Claude's orchestration ties it all together:

  • Analyzes photos using vision capabilities to extract the 9-sticker color sequence for each face
  • Calls validation scripts with the detected colors
  • Renders an emoji-based cube visualization for user confirmation
  • Handles errors, corrections, and edge cases conversationally
  • Delivers the final step-by-step solving instructions

The workflow looks like this:

  1. Request 6 photos (with specific orientation instructions)
  2. Claude analyzes each photo → extracts 9-sticker color sequence
  3. Python validates and caches each face
  4. Renders emoji visualization for user confirmation
  5. Concatenates → Solves → Returns instructions

Claude uses the skill
The skill in action: Claude guides the user through photo capture, validation, and solving

Things That Might Surprise You as a Developer

Building this skill revealed some interesting characteristics of the Claude Skills environment:

Dependencies Are Casual

You just mention pip3 install kociemba in your SKILL.md file, and Claude installs it—every time you run the skill. There's no Docker image, no virtual environment, no persistent package state to manage. The configuration is completely stateless.

This feels weird at first. Where's my requirements.txt? What about version pinning? But it's also liberating: your skill is just instructions plus scripts. Claude handles the environment setup each time.

Everything Runs Remotely

Claude executes your scripts on a remote server, not your local machine. Your skill package is just a set of instructions and supporting files that Claude interprets and runs in its environment. You're not SSH-ing into a box or deploying to infrastructure—you're describing a workflow, and Claude makes it happen.

Iteration Takes Patience

Here's the practical friction: Claude Code can't directly access image files uploaded in chat during skill development. My workaround was zipping the skill contents (SKILL.md, scripts, etc.) and uploading to Desktop for testing.

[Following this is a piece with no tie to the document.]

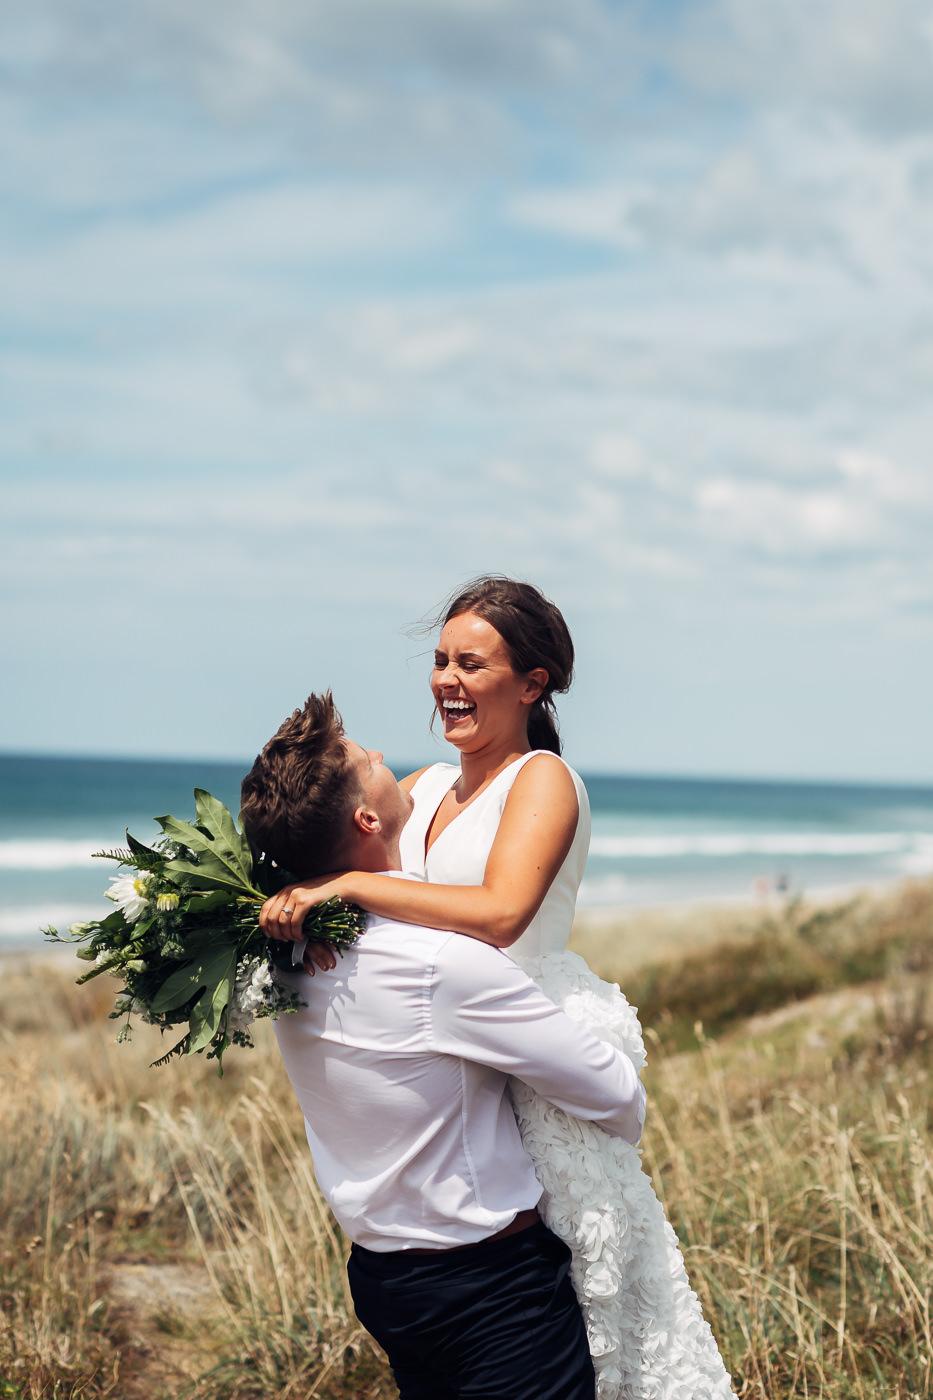 Anne-Hilde & Pieter - januarbryllup i slående vakre Tauranga, New Zealand Bryllupsfotograf New Zealand strand 13 Brudepar

Testing also means going through the full photo upload flow each iteration. It's more friction than local development with instant feedback, but manageable once you build a rhythm. Think of it as similar to testing a mobile app—you need to go through the actual user flow.

The Vision Challenge

One surprise: computer vision to color string conversion isn't 100% reliable, even with clear, well-lit photos. Claude sometimes misreads sticker colors. That's why the skill includes a validation step—rendering an emoji visualization for the user to confirm.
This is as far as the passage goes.